# Thread: help with math question

1. ## help with math question

2. Originally Posted by tukilala
That is: prove that $\displaystyle \sum_{i= 0}^{log_2(n-1)} 2^i= n-1$
Did your try this with n= 1, 2, 3, etc. first? If n= 1, n-1= 0 and $\displaystyle log_2(0)$ is not defined. if n= 2, $\displaystyle log_2(1)= 0$ so that sum is $\displaystyle 2^0= 1= 2-1$. If n= 3, $\displaystyle log_2(2)= 1$ so the sum is $\displaystyle 2^0+ 2^1= 1+ 2= 3\ne 3-1$.

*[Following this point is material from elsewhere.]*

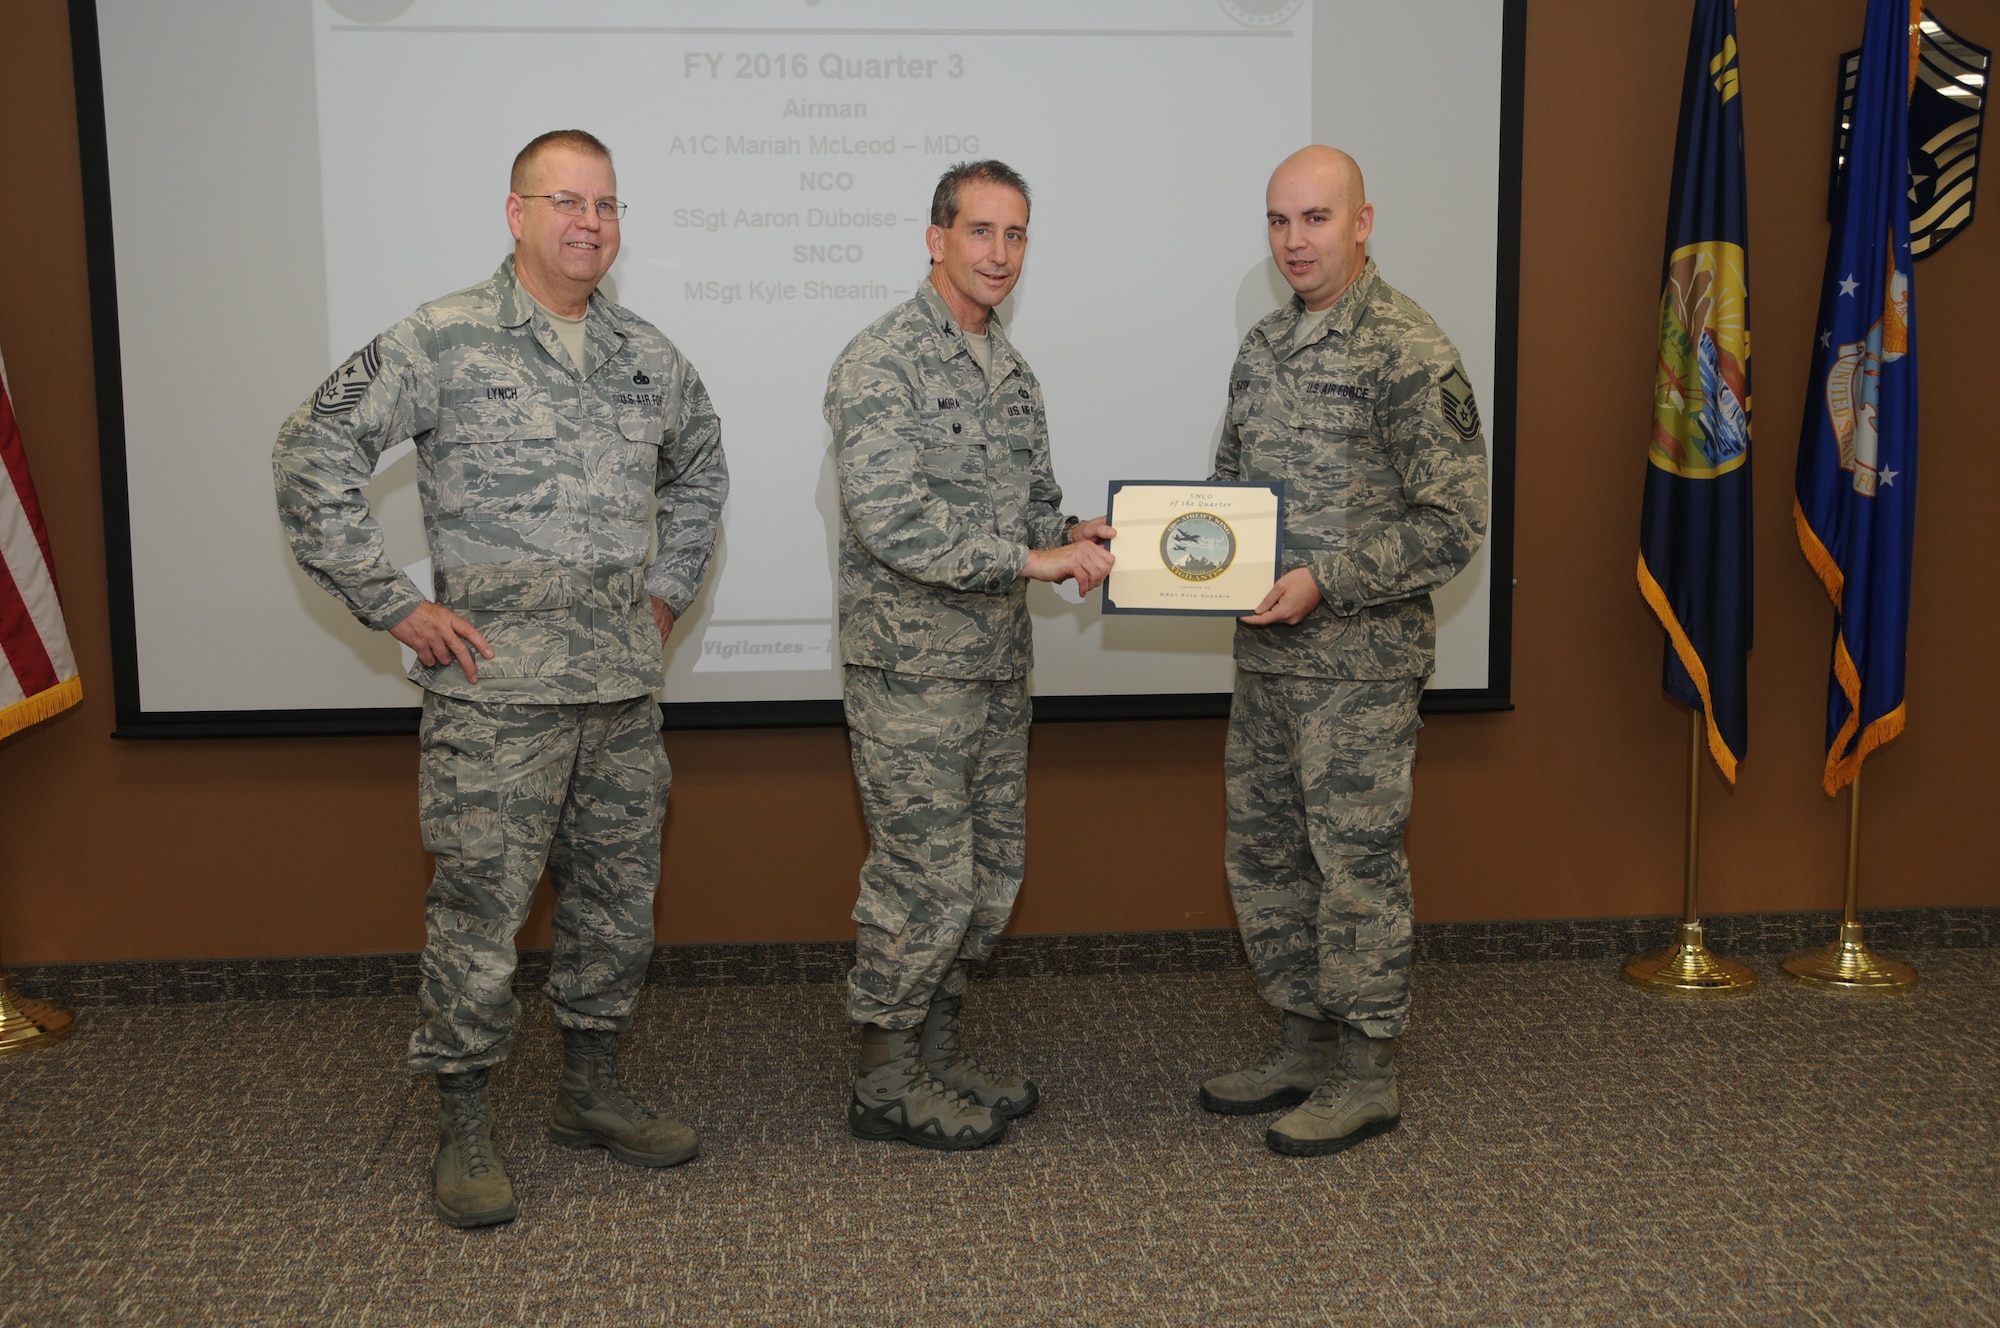 120th Airlift Wing Vice Commander Col. Thomas Mora and 120th AW Command Chief Master Sgt. Steven Lynch presented the Fiscal Year 2016 3rd quarter award winners for the 120th Airlift Wing of the Montana Air National Guard during the Stand-up Briefing held in the Larsen Room of the wing headquarters building Nov. 4, 2016. Public Health Craftsman Sgt. Kyle Shearin from the 120th Medical Group won in the senior noncommissioned officer category.
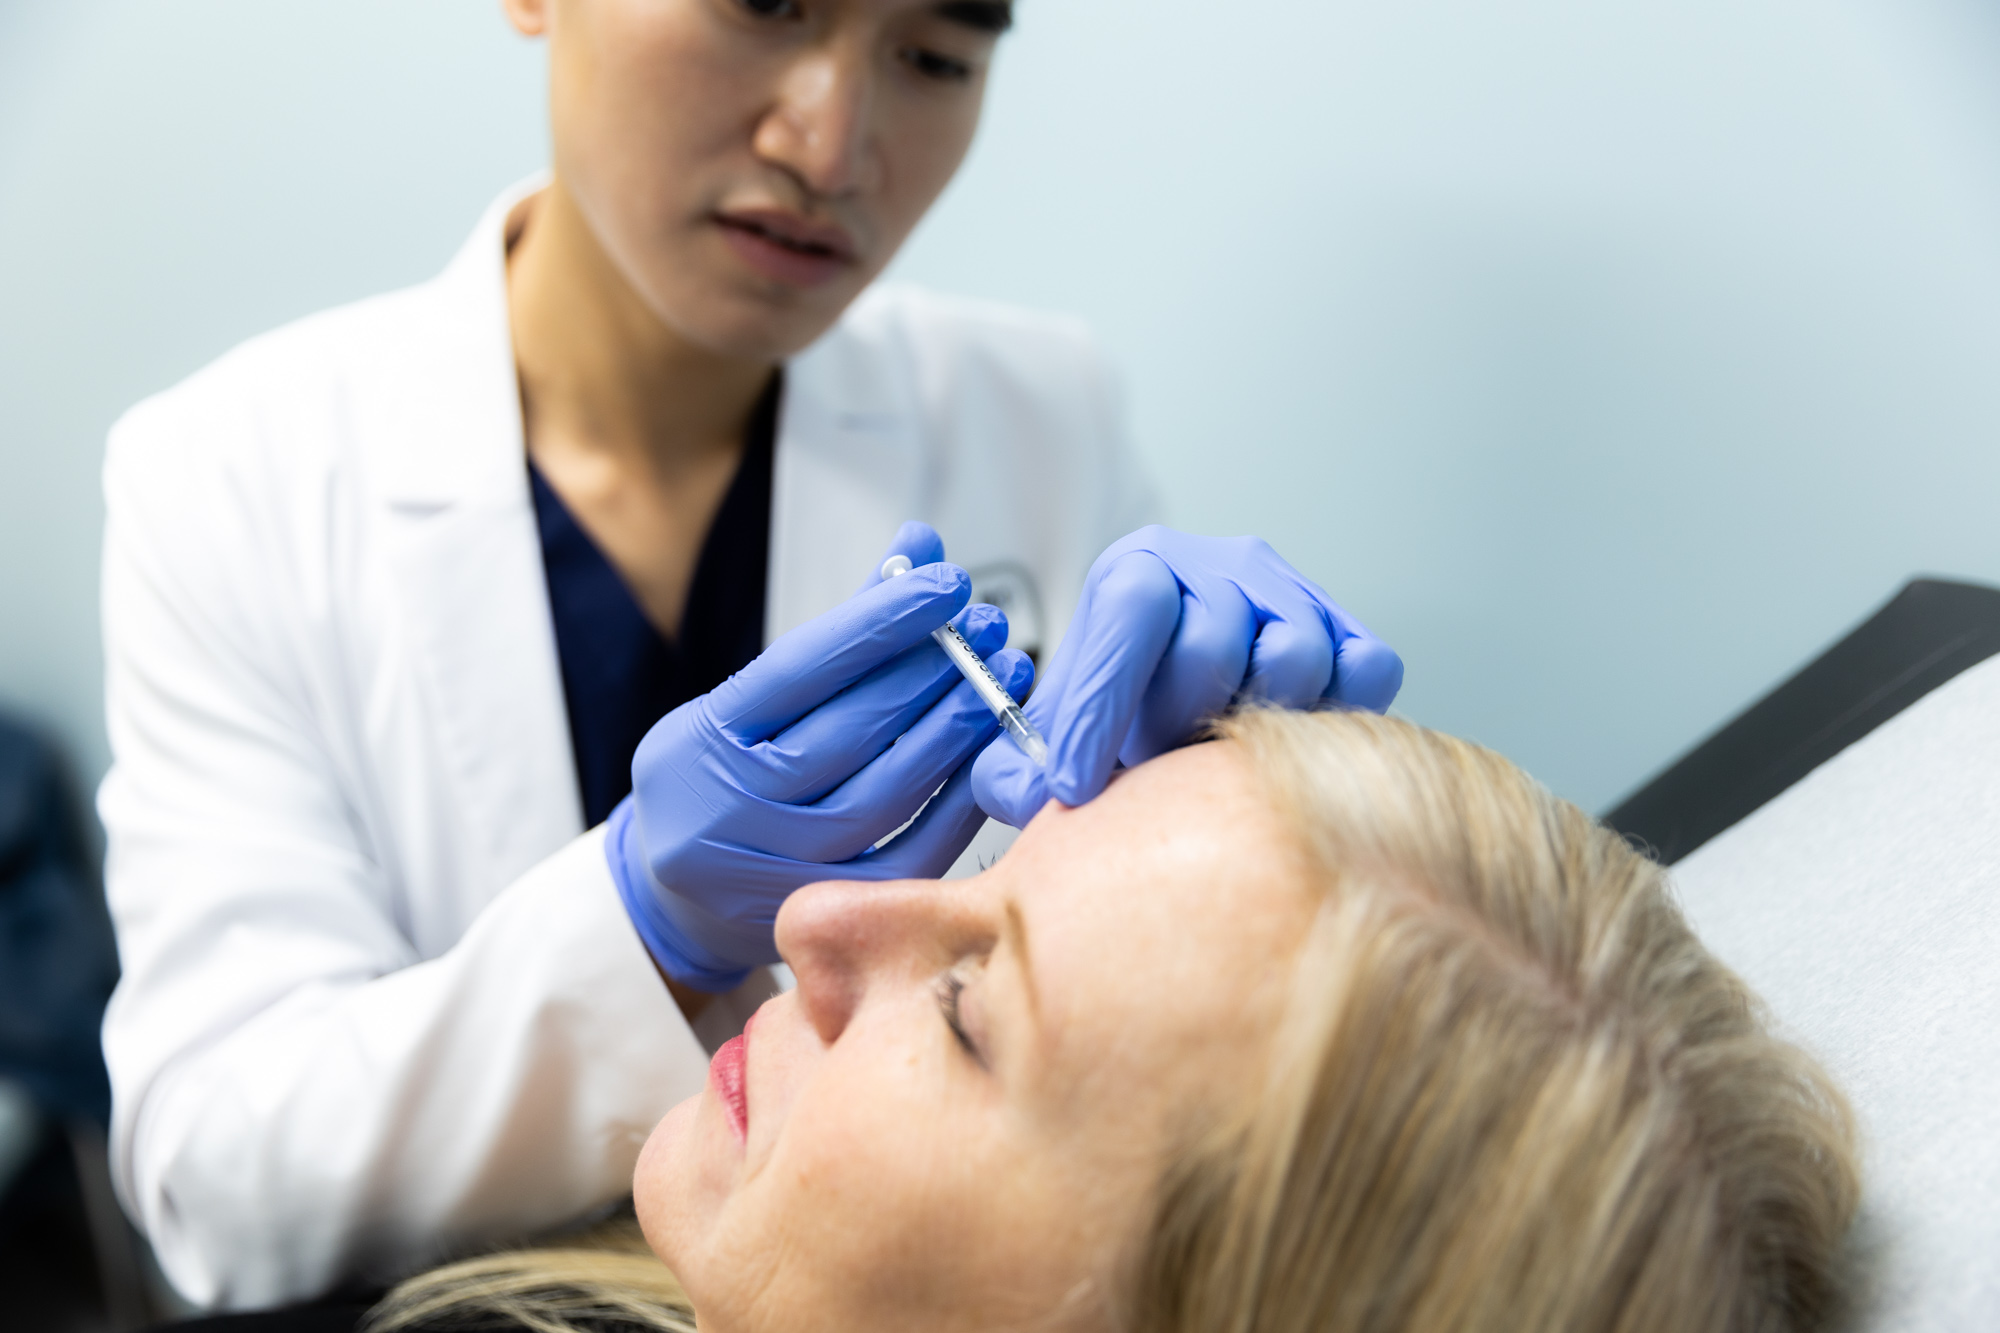 A Kansas City Skin and Cancer Center doctor administers an injectable treatment for female patient. He holds the shot up to her forehead, and her eyes are closed.

In order for that sum to make sense, n-1 must be a power of 2 so n must be one more than a power of 2. For example, if n= 5, n-1= 4 and $\displaystyle log_2(n-1)= log_2(4)= 2$ so the sum is $\displaystyle 2^0+ 2^1+ 2^2= 1+ 2+ 4= 7\ne 5- 1$.
You can't prove this- it is not true. What can be proven is that if n is a power of 2 (1, 2, 4, 8, etc.) then $\displaystyle \sum_{i=0}^{log_2(n)} 2^i= 2n-1$ or, more simply, $\displaystyle \sum_{i=0}^n 2^i= 2^{n+1}-1$.
If, for example, n= 5, then $\displaystyle ln_2(n-1)= ln_2(4)= 2$ so the sum is from 0 to 2: 1+ 2+ 4= 7 which is NOT equal no to n-1= 4. You can't prove it, it's not true.